New research has identified specific gene mutations that occur in precancerous esophageal lesions, a finding which was then put into use with a simple non-endoscopic test.
New research has identified specific gene mutations that occur in precancerous esophageal lesions, a finding which was then put into use with a simple non-endoscopic test. These results could improve diagnosis and early treatment of Barrett’s esophagus and esophageal cancer.
“Most epithelial cancers develop gradually from preinvasive lesions,” wrote authors led by Rebecca C. Fitzgerald, MD, of the Medical Research Council cancer unit at the University of Cambridge in the United Kingdom. “However, it is becoming increasingly clear that extensive genomic heterogeneity is present in the majority of advanced cancers.” The researchers thus set out to characterize the ordering of somatic mutations over the course of the generally gradual transition from Barrett’s esophagus to esophageal adenocarcinoma. Their results were published online ahead of print on June 22 in Nature Genetics.
They used whole-genome sequencing and other methods on 112 esophageal adenocarcinomas, and then screened a cohort of 109 biopsies from two key transition points in the malignancy’s natural history (benign metaplastic never dysplastic Barrett’s esophagus and high-grade dysplasia). The findings, the authors wrote, were “striking and unexpected.” They saw a number of mutations, but the mutational frequency was not significantly different between the various time points of disease development.
There was one notable exception, however: TP53 was found to be frequently mutated in high-grade dysplasia and esophageal adenocarcinoma samples, but almost never in never dysplastic Barrett’s samples. The investigators used this result to derive a clinical benefit using a new type of test.
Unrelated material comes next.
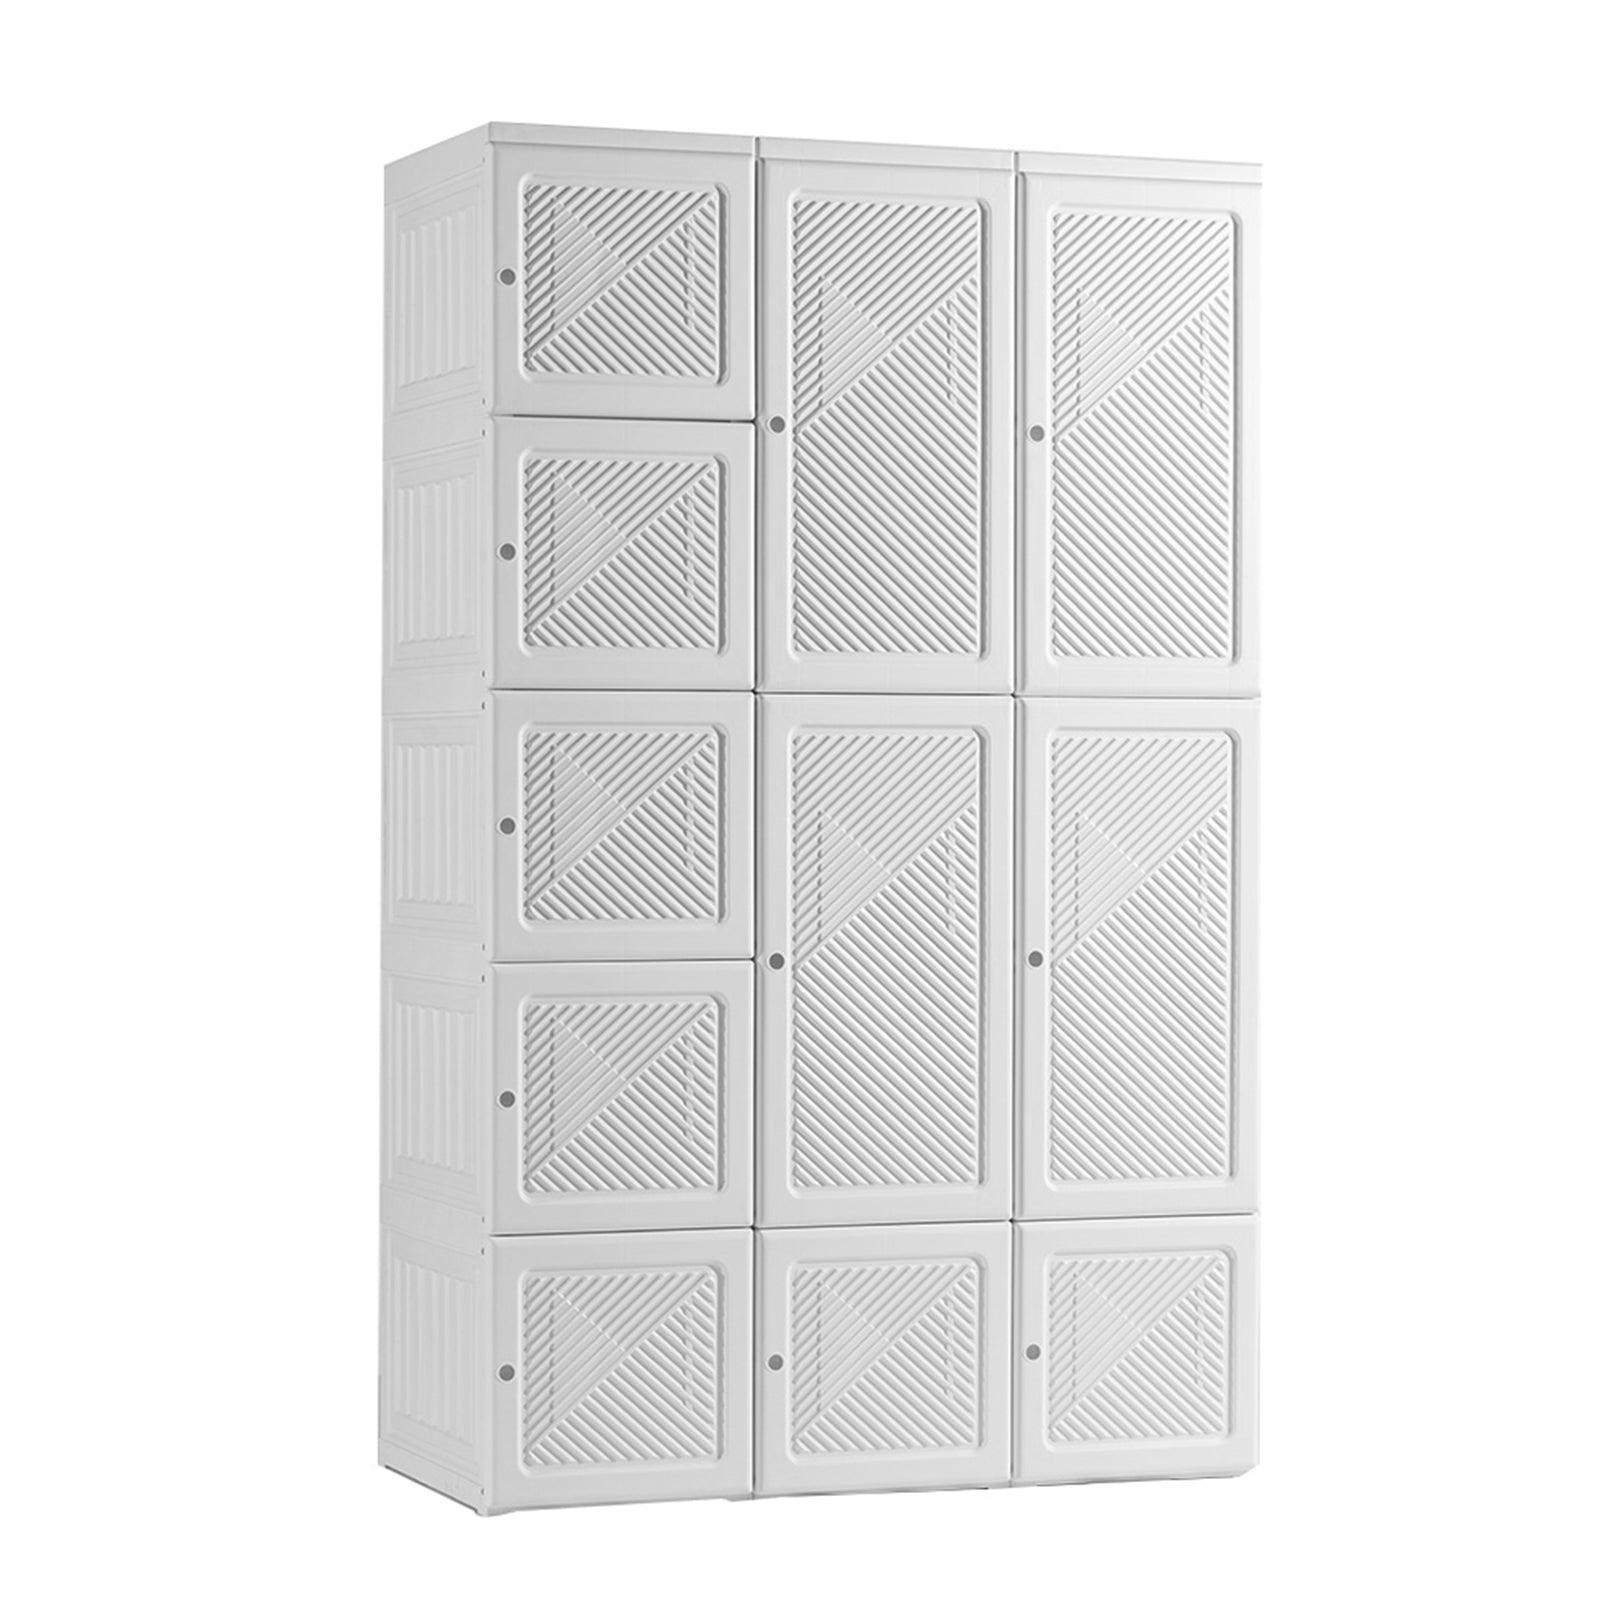 🆓🚛 Portable Wardrobe Closet Storage Organizer, White Closet & White Doors

Currently, patients with Barrett’s esophagus undergo regular endoscopic tests to determine risk of progression to malignancy. The new test is non-endoscopic, called the Cytosponge. In an email Fitzgerald described is a small capsule on a string that a patient swallows; the capsule dissolves yielding a spherical sponge that collects cells as it is pulled out using the string. “The whole process takes five minutes,” Fitzgerald said.
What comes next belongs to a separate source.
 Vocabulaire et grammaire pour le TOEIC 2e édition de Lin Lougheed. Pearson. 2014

Coupled with high throughput sequencing, the test was able to identify TP53 mutations in 19 of 22 individuals with high-grade dysplasia, and no such mutations were seen in other patients.
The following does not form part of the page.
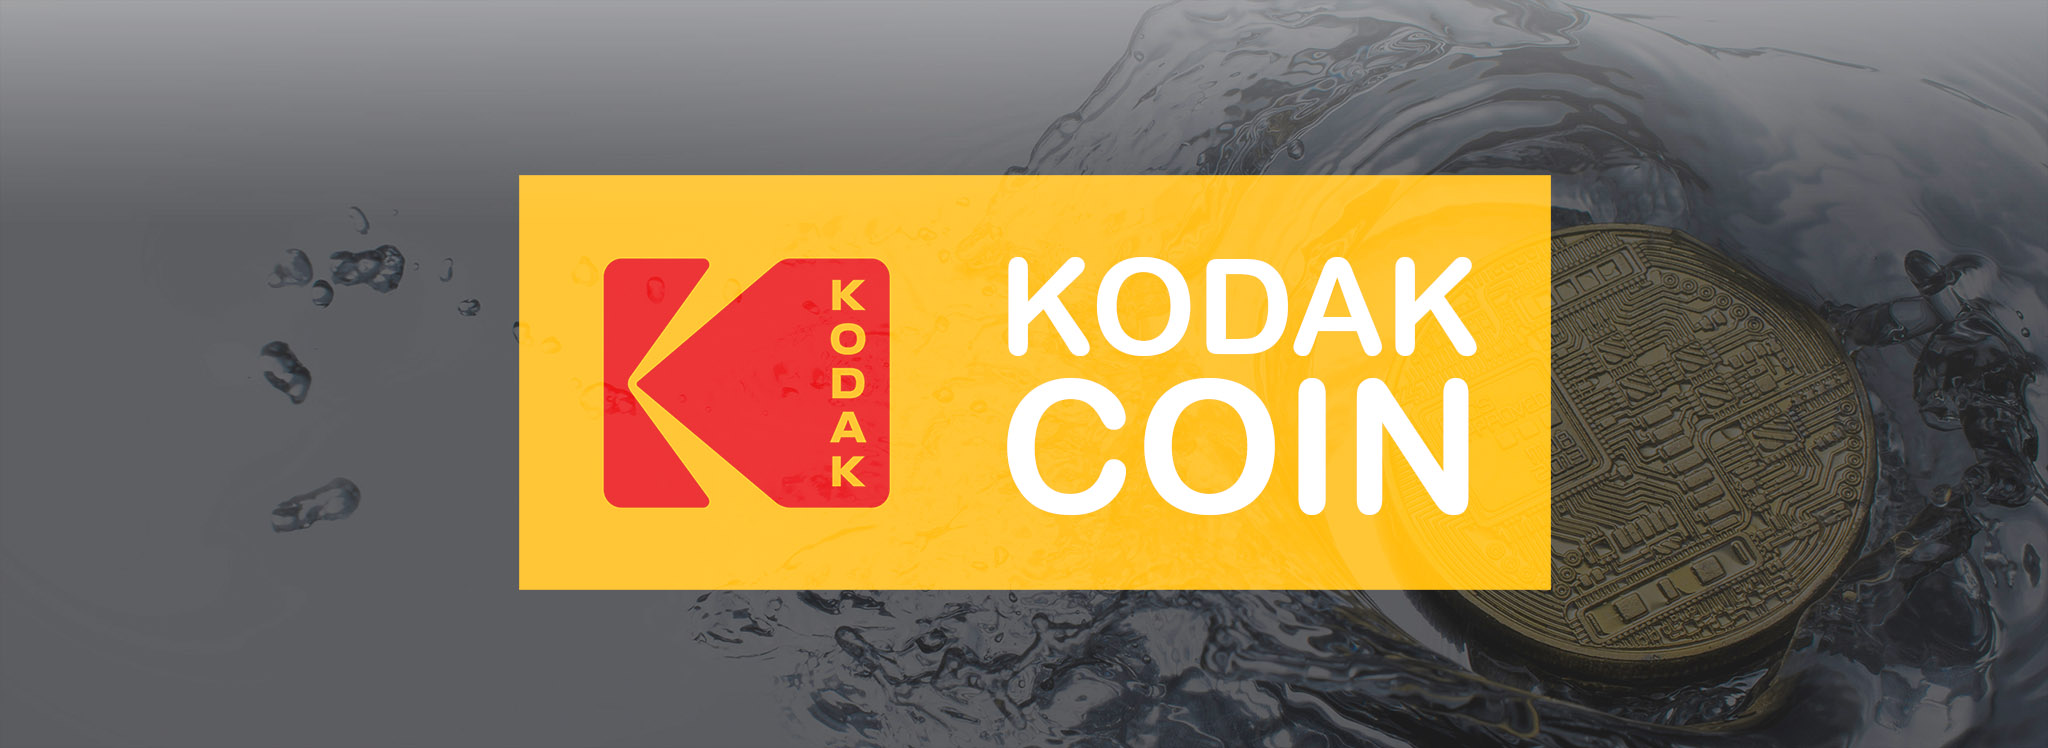 [CES18] Kodak phát hành Kodak Coin - Tiền kỹ thuật số cho nhiếp ảnh gia, cổ phiếu đột ngột tăng 320%

“The take-home message is that early precancerous lesions-Barrett’s with no dysplasia-have a lot of mutations,” Fitzgerald said. “These are unlikely to be driving disease progression. However, p53 mutations seem to be specific to lesions that are developing into cancer, and we have found a way to detect these on a novel non-endoscopic device.”
The study authors concluded not only that the Cytosponge, along with these results on mutations in esophageal cancer, can aid in diagnosing high-risk individuals, but that the techniques employed in finding those mutations could be used for other epithelial malignancies that could be amenable to early detection.